AIM OF THE TASK :: Keep the images out and set the listing below down word for word.

DATA EXTRACT ::
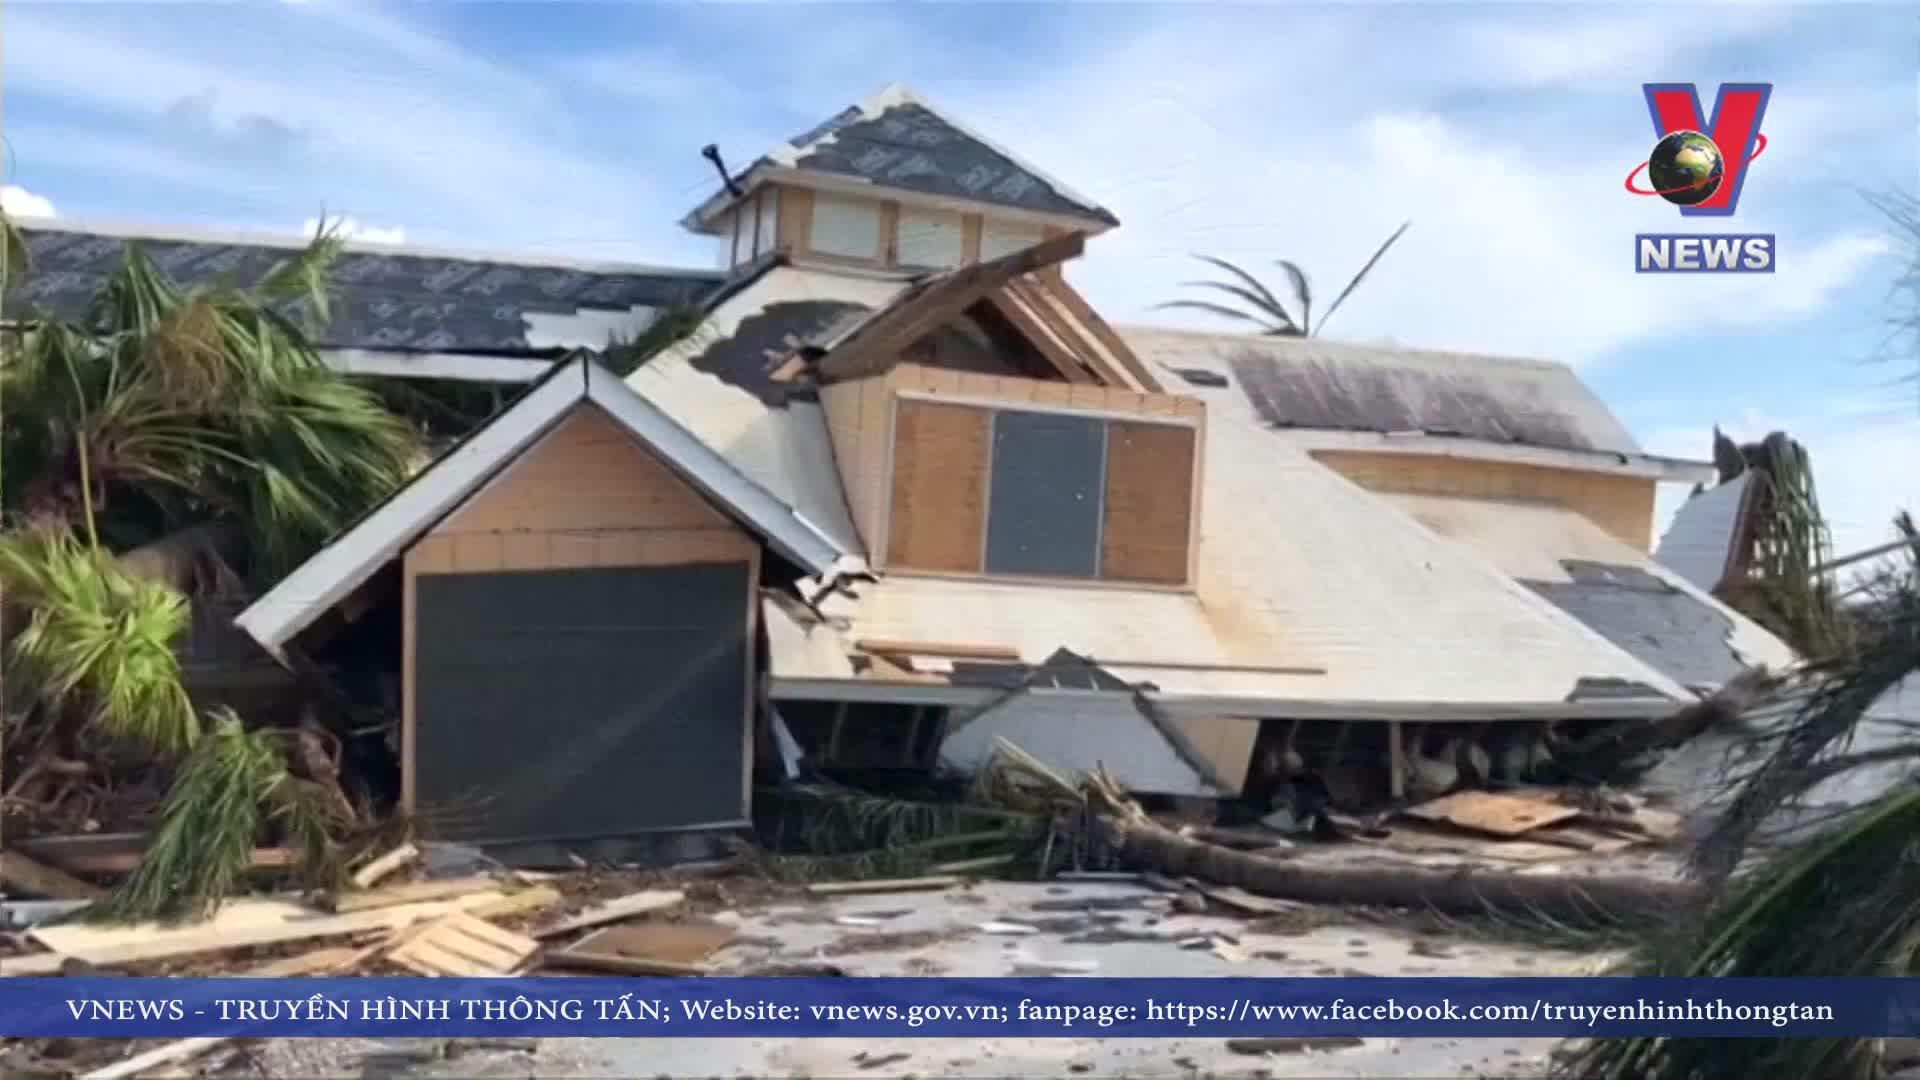 Vẫn còn 1.300 mất tích sau bão Dorian tại Bahamas
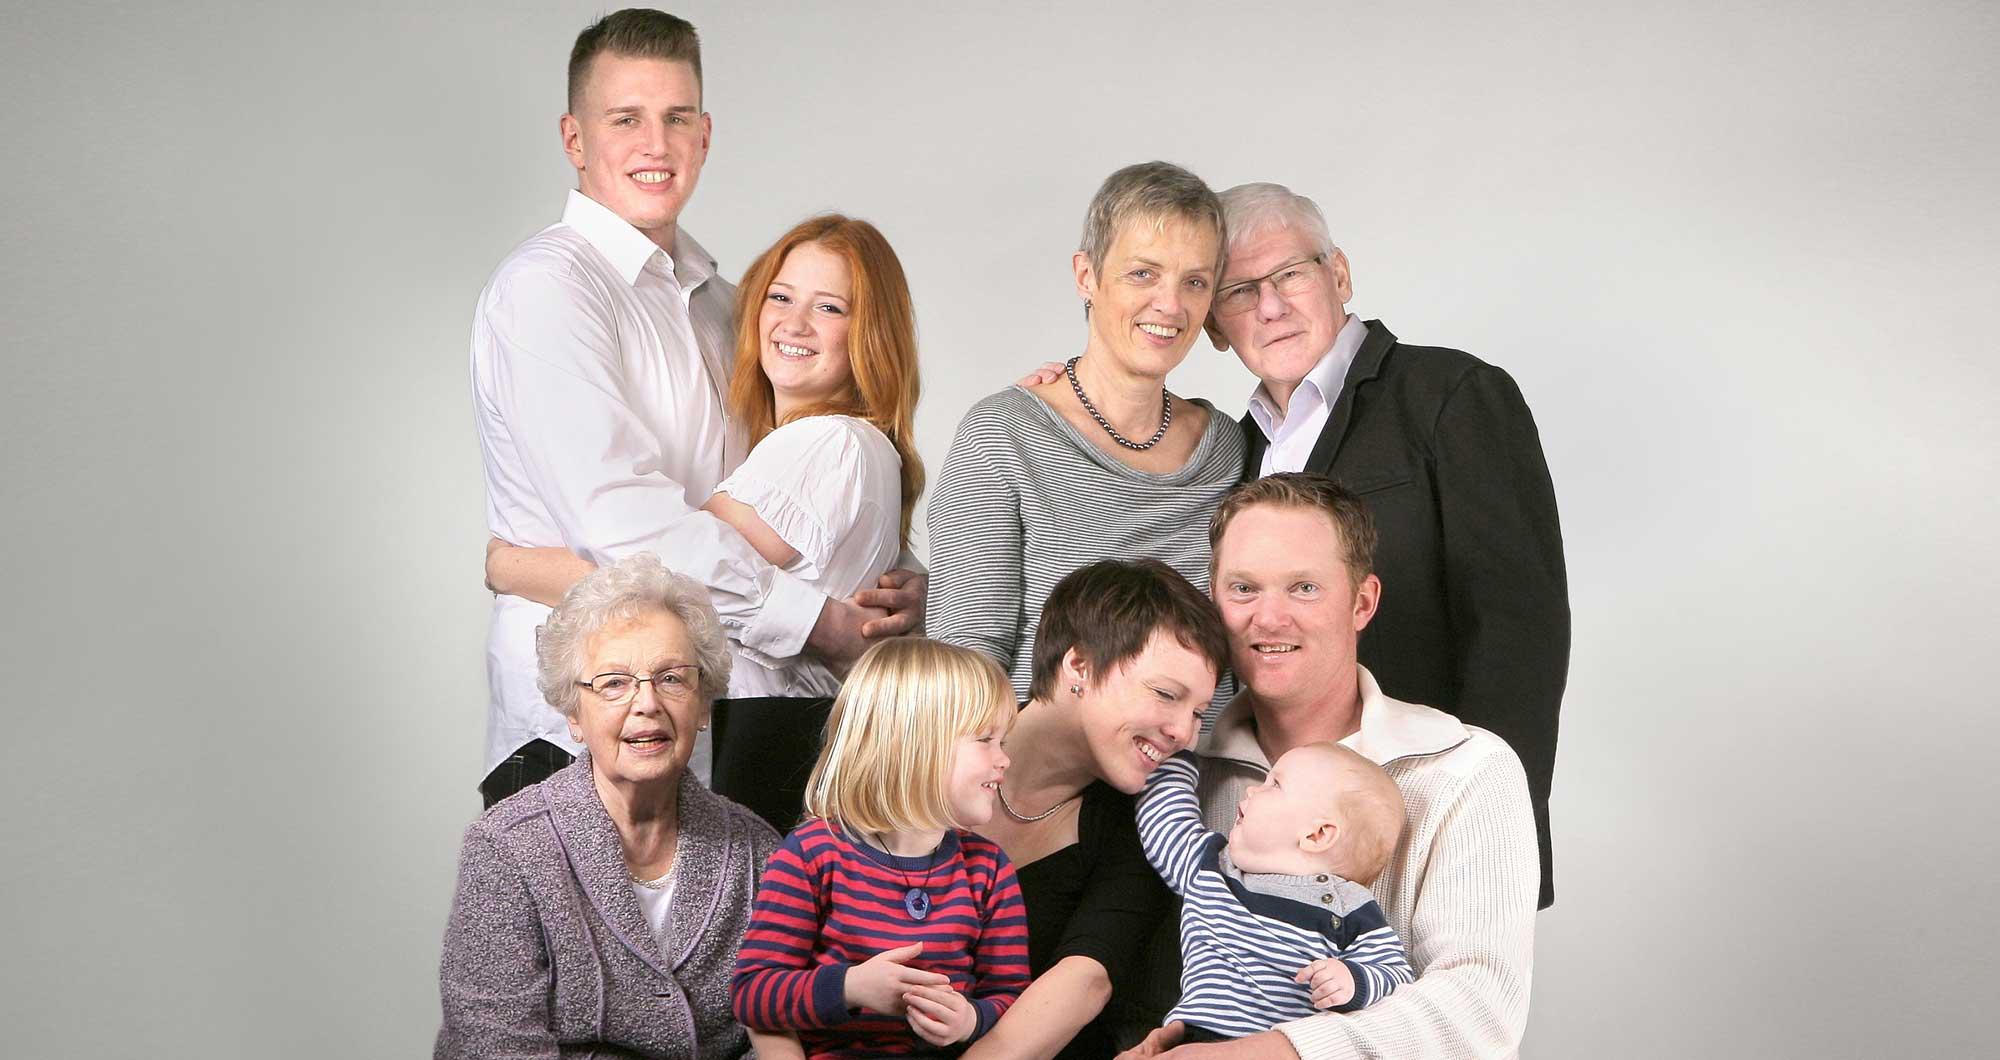 familieundkinderfoto-lenzvonkolkow24
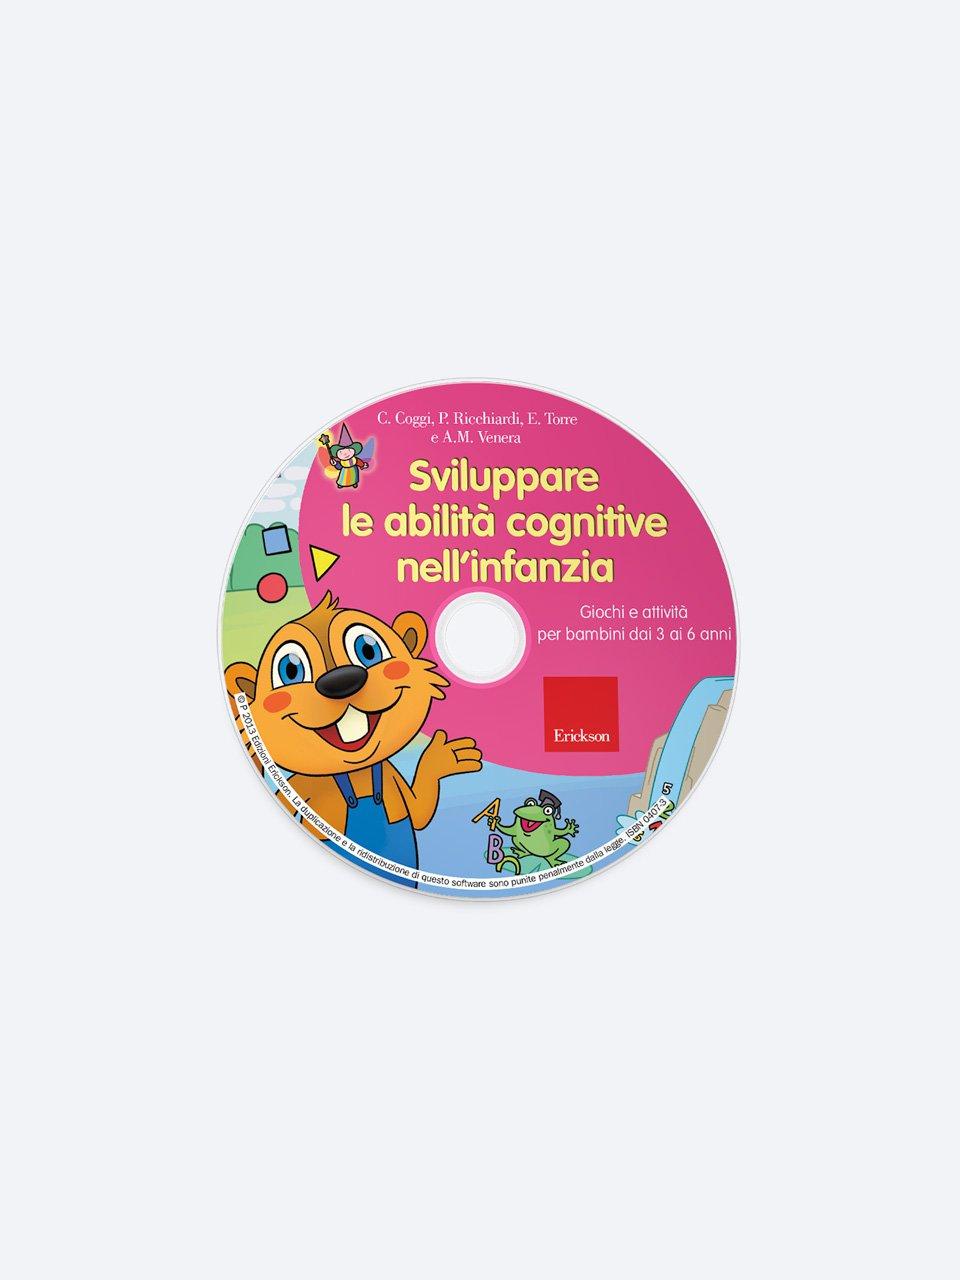 Sviluppare le abilità cognitive nell'infanzia - Pico si è perso! - App e software - Erickson
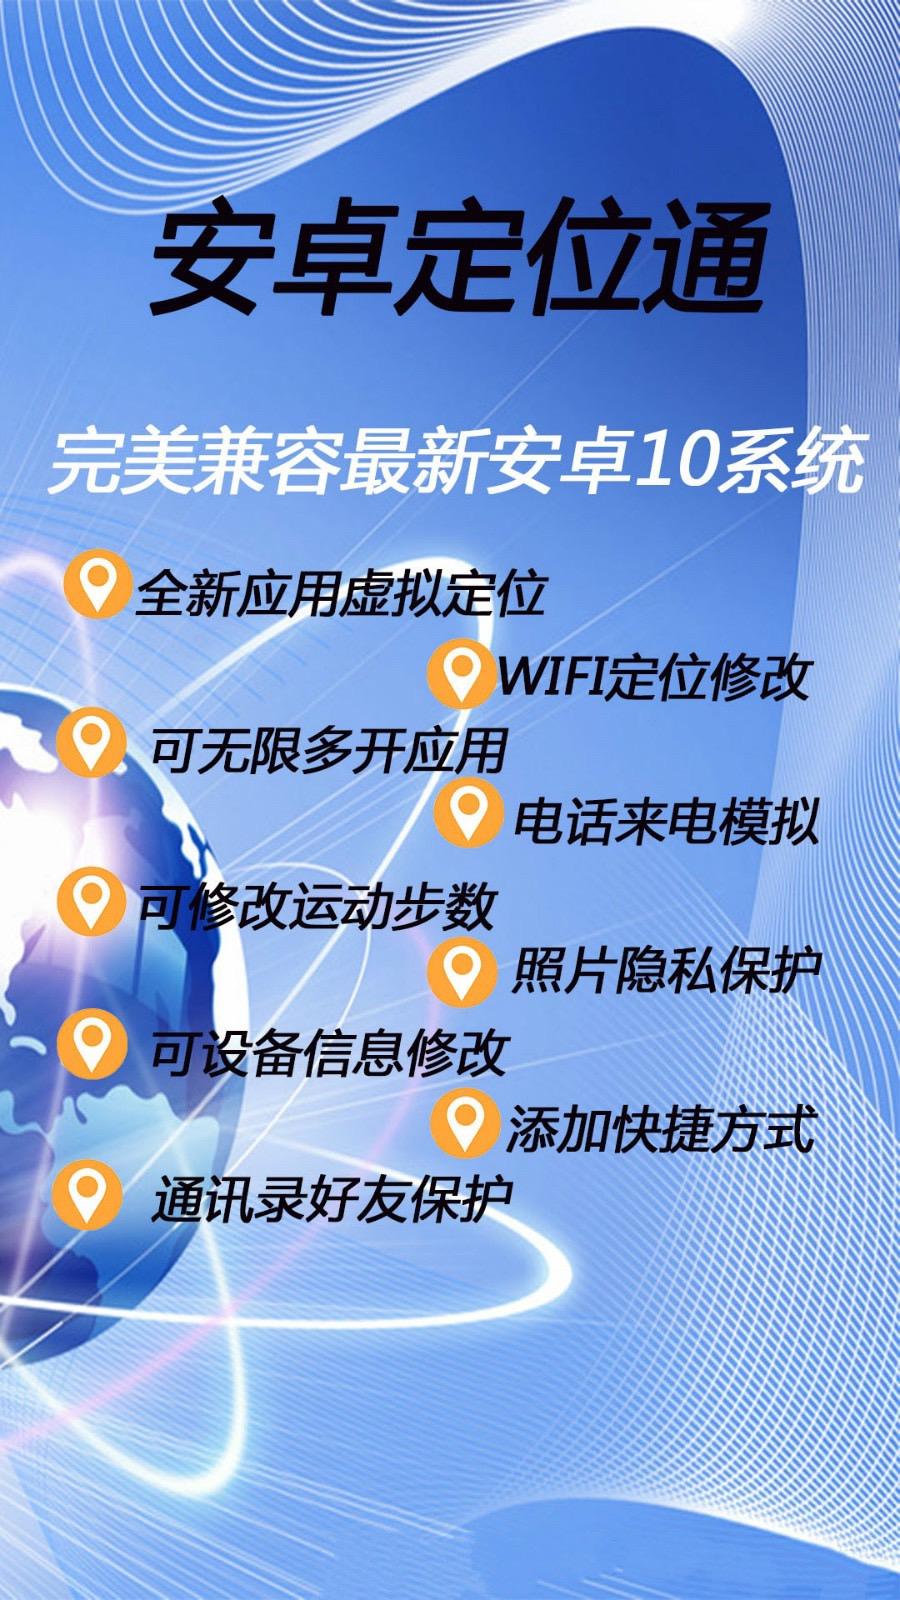 【安卓定位通年卡】WIFI定位修改

ANSWER SECTION ::
 Vẫn còn 1.300 mất tích sau bão Dorian tại Bahamas
 familieundkinderfoto-lenzvonkolkow24
 Sviluppare le abilità cognitive nell'infanzia - Pico si è perso! - App e software - Erickson
 【安卓定位通年卡】WIFI定位修改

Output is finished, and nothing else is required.